Inflation und Rendite

Selbst wenn man 2% Rendite pro Jahre erwirtschaften kann, kann das ein realistisches Minus in der Kasse bedeuten. Nämlich dann, wenn wir die Steuern und die Inflation einbeziehen. Auf die meisten Anlagen in Deutschland wird die Kapitalertragsteuer fällig. Der Einfachheit halber rechnen wir damit. Sie beträgt 25% zzgl. Soli. Also insgesamt 26,38% wenn keine Kirchensteuer anfällt. Ziehen wir die schon einmal von unseren 2% ab, landen wir bei einer Rendite von guten 1,47%.

Jetzt müssen wir noch die Inflation einbeziehen. Hierbei handelt es sich um den Verlust der Kaufkraft. Kurz: Wenn ich mir jetzt für 100,- Euro 100 Äpfel kaufen kann, bekomme ich bei einer Inflation von 2% nach einem Jahr für den gleichen 100,- Euro-Schein nur noch 98 Äpfel.

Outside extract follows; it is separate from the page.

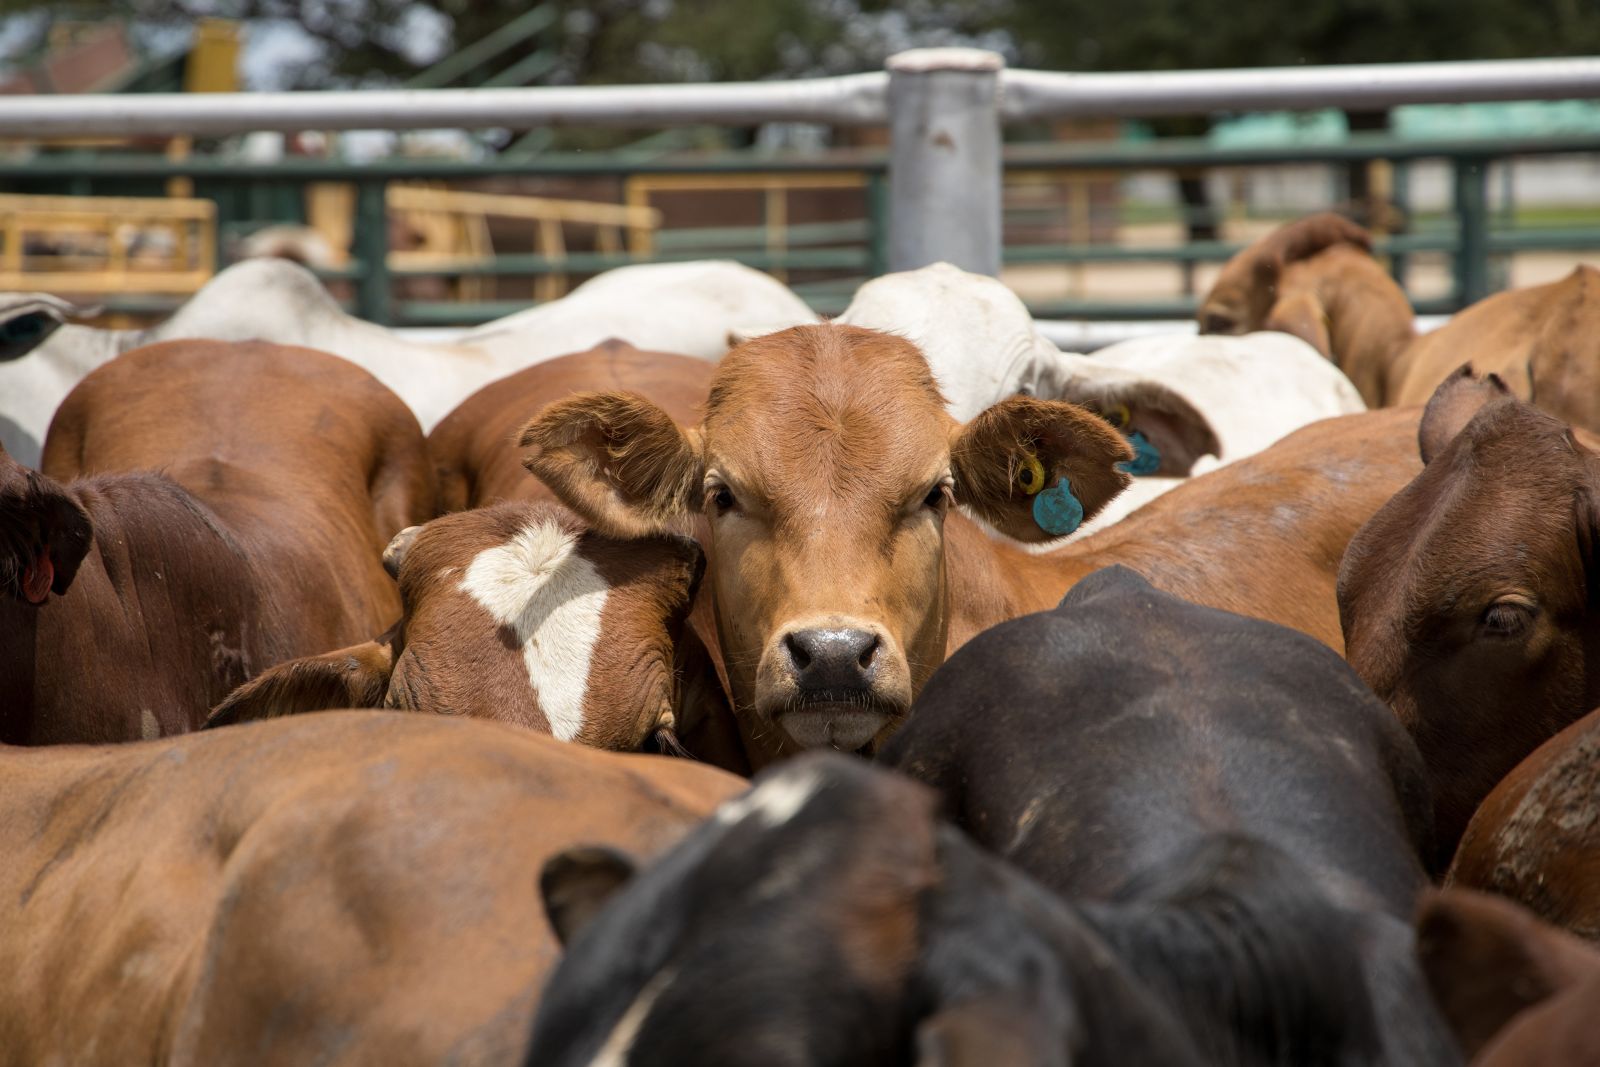 Cattle & Beef - Cattle in feed lot by Clinton Austin via iStock

Die EZB hätte gern einen Wert von knapp unter 2% Inflation um die Wirtschaft stabil zu halten. Im August 2017 lag die Inflationsrate bei ca. 1,8%. Wir hätten also bei unserer prima Geldanlage mit 2 % netto gar keine Rendite mehr, sondern einen realen Verlust von 0,33%.

Um also wirklich Gewinn zu machen, müsste man eine höhere Rendite erwirtschaften, und das, obwohl wir mit 2% bereits über der Inflation lagen. Wenn wir jetzt noch die sicheren Anlagen miteinander vergleichen, stellen wir fest, dass es fast nicht einmal möglich ist, die Kaufkraft des gesparten Geldes zu erhalten. Bei einer Inflation von 1,8% jährlich würden meine 100 Äpfel in 50 Jahren schon 244,- Euro kosten. Steuern habe ich hier nicht berücksichtigt, da wir den jährlichen Freibetrag ausnutzen. Nehmen wir einen realistischen Zins von 0,1% auf einem Sparkonto, hätten wir in 50 Jahren genau 105,04 Euro auf dem Konto…traurig, was?